Measuring success for skill-equipped AI agents
Prove a Claude agent built with Skills is working: outcome metrics, quality signals, eval gates, and cost-per-outcome that separate value from demos.
A skill-equipped Claude agent will almost always look impressive in a demo and ambiguous in production. The demo is curated; production is messy. The question that decides whether you keep investing is not "does it work?" but "is it working well enough, at scale, to be worth the trust we've given it?" Answering that requires measurement, and most teams measure the wrong things — they track how many tasks the agent attempted rather than how many it actually got right.
This post is about the metrics and signals that genuinely prove a skill-equipped agent is delivering value, and the instrumentation that makes those metrics trustworthy rather than vanity.
Outcome metrics beat activity metrics
The first discipline is to measure outcomes, not activity. "The agent handled 4,000 requests" tells you nothing about whether those requests ended well. The metrics that matter are the ones tied to the real-world result: the autonomous resolution rate (the share of tasks the agent completed correctly with no human touch), the escalation quality (when it handed off, was the handoff useful?), and the correction rate (how often did a human have to undo or fix what the agent did?).

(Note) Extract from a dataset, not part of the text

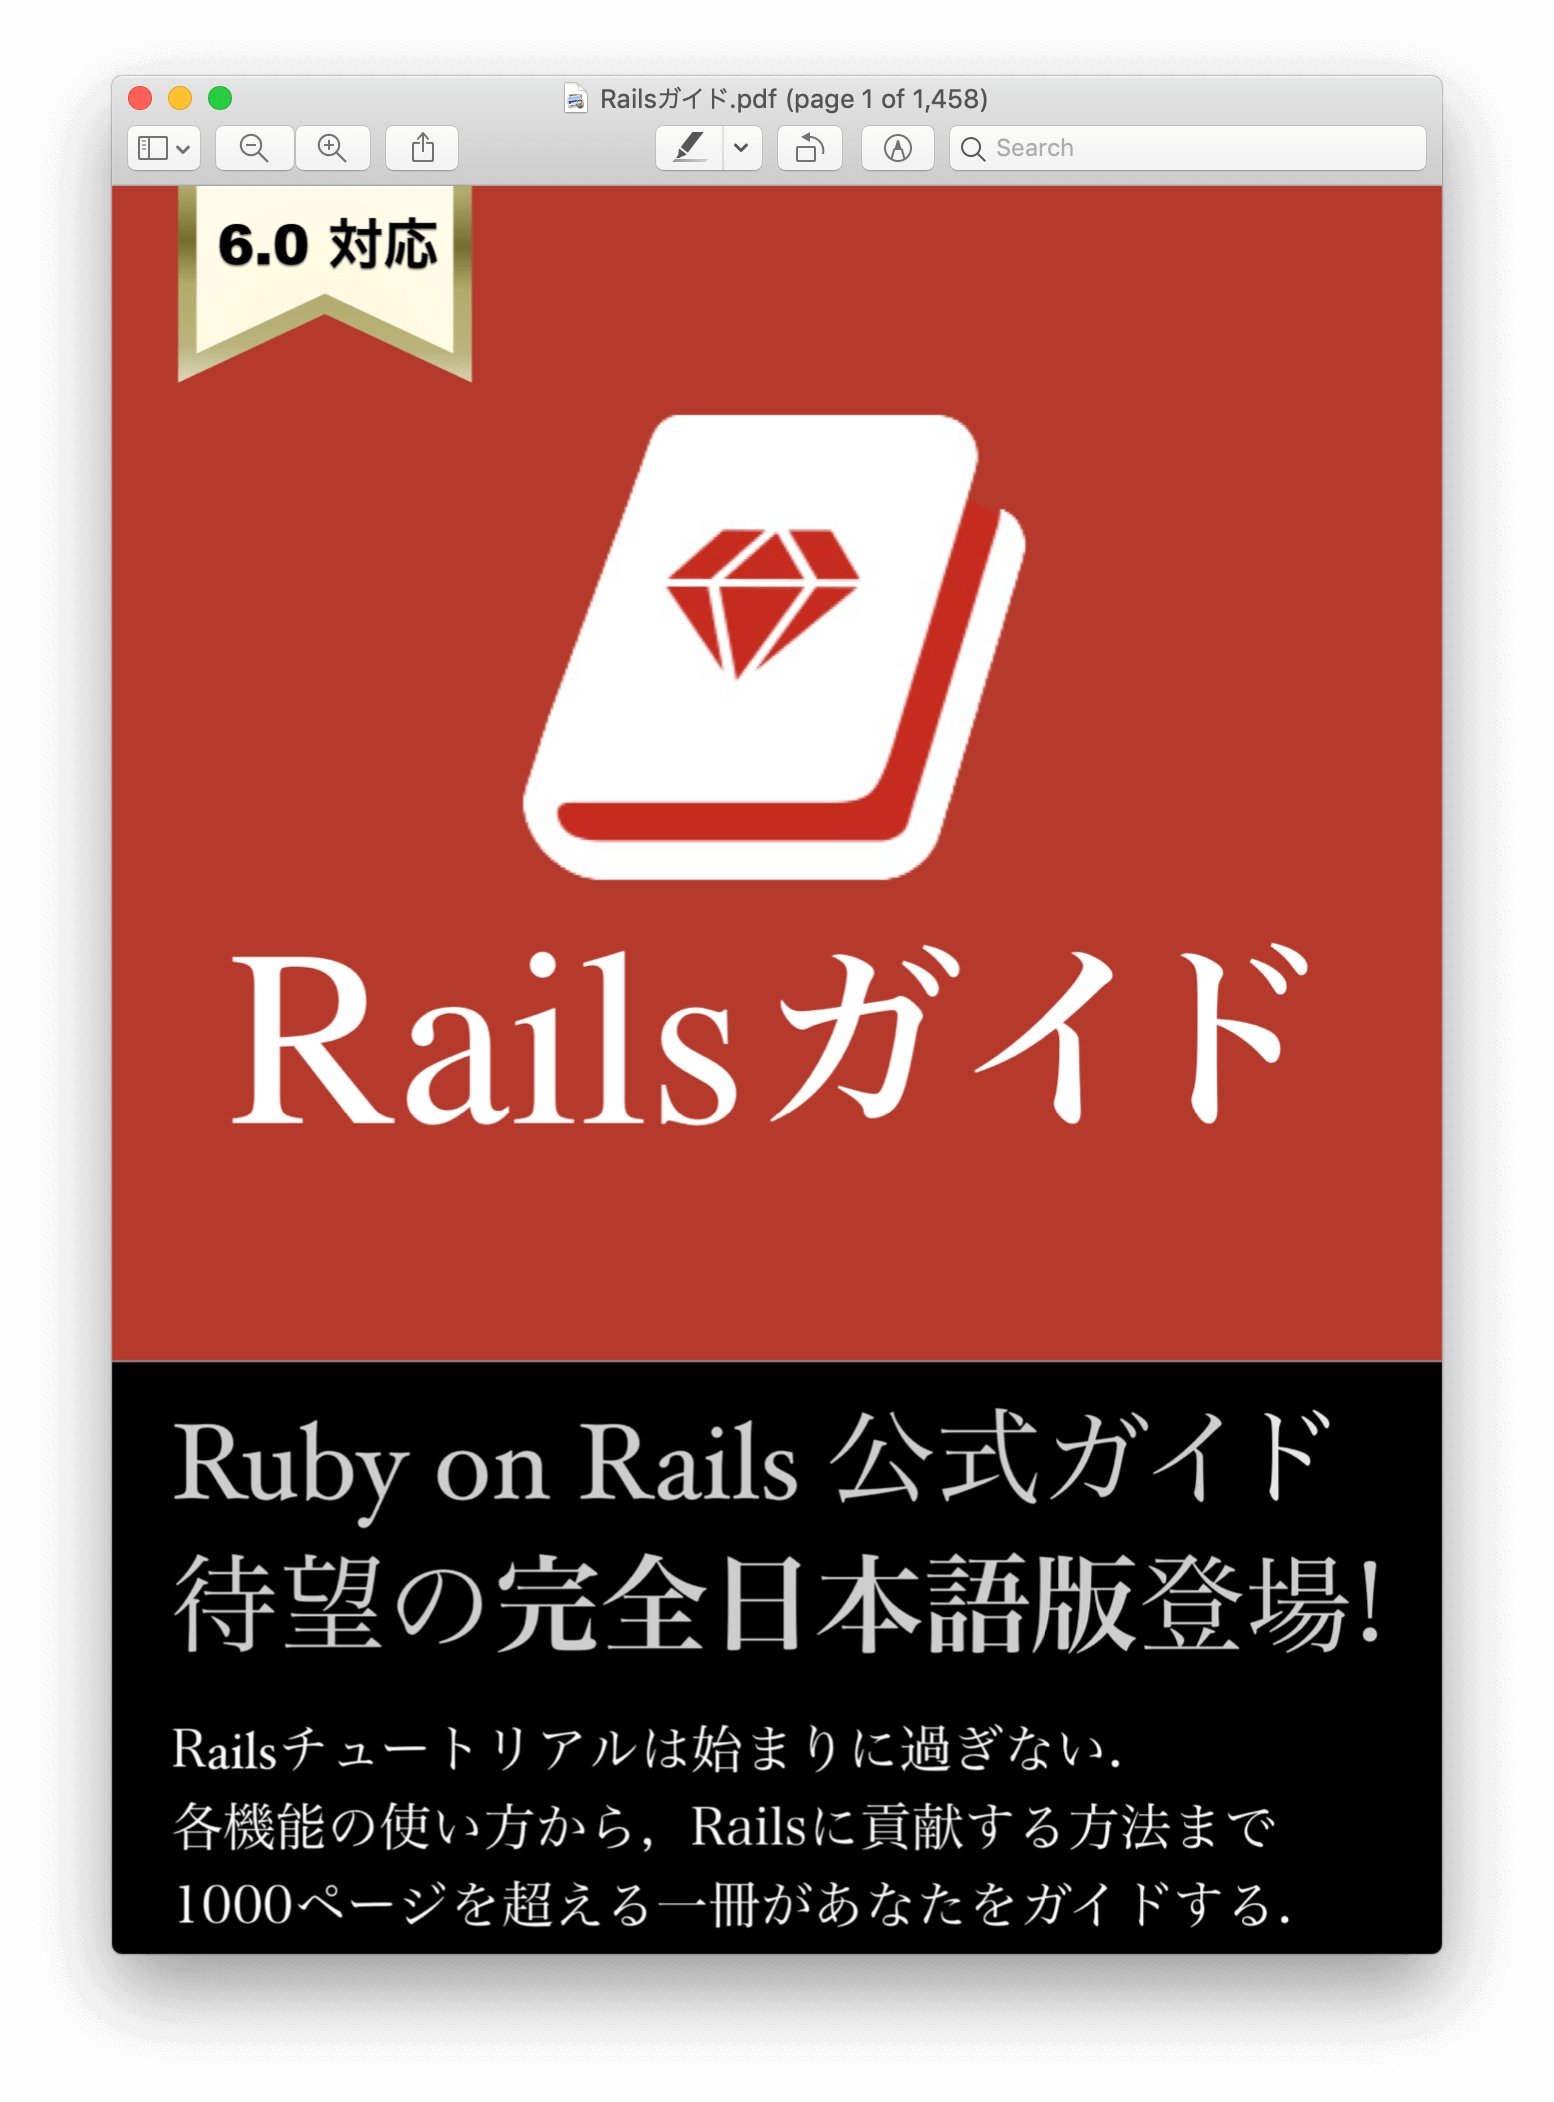 Railsガイド電子書籍6.0

The correction rate is the one to watch most closely, because it is the honest measure of trust. An agent with a high resolution rate but a creeping correction rate is not saving work; it is moving work downstream and adding a cleanup tax. Conversely, an agent with a modest resolution rate and a near-zero correction rate may be exactly what you want: it does less, but everything it does is right, and it routes the rest cleanly.
The eval suite as the source of truth
Production metrics tell you how the agent is doing now. An eval suite tells you whether a change will make it better or worse before you ship. A good eval suite is a set of representative tasks with known-good outcomes and graders that check the outcome rather than the wording. It is the gate every skill change passes through, and it is the single most important measurement asset you build.
flowchart TD
A["Skill change proposed"] --> B["Run eval suite"]
B --> C{"Resolution rate held or rose?"}
C -->|No| D["Reject, fix skill"]
C -->|Yes| E{"Correction rate stayed low?"}
E -->|No| D
E -->|Yes| F["Ship to canary"]
F --> G["Compare live vs eval"]
G --> H["Promote to full scope"]The reason graders should check outcomes, not phrasing, is that agents reach correct results by many different paths. Grading on exact wording produces brittle evals that fail on harmless variation and pass on confidently wrong answers. An outcome grader asks the question that actually matters: did the refund get issued correctly, was the right slot booked, did the lookup return the safe fields? Build your evals from real production disagreements — every case where the agent and a human diverged is a candidate test — and the suite stays grounded in reality instead of in your imagination.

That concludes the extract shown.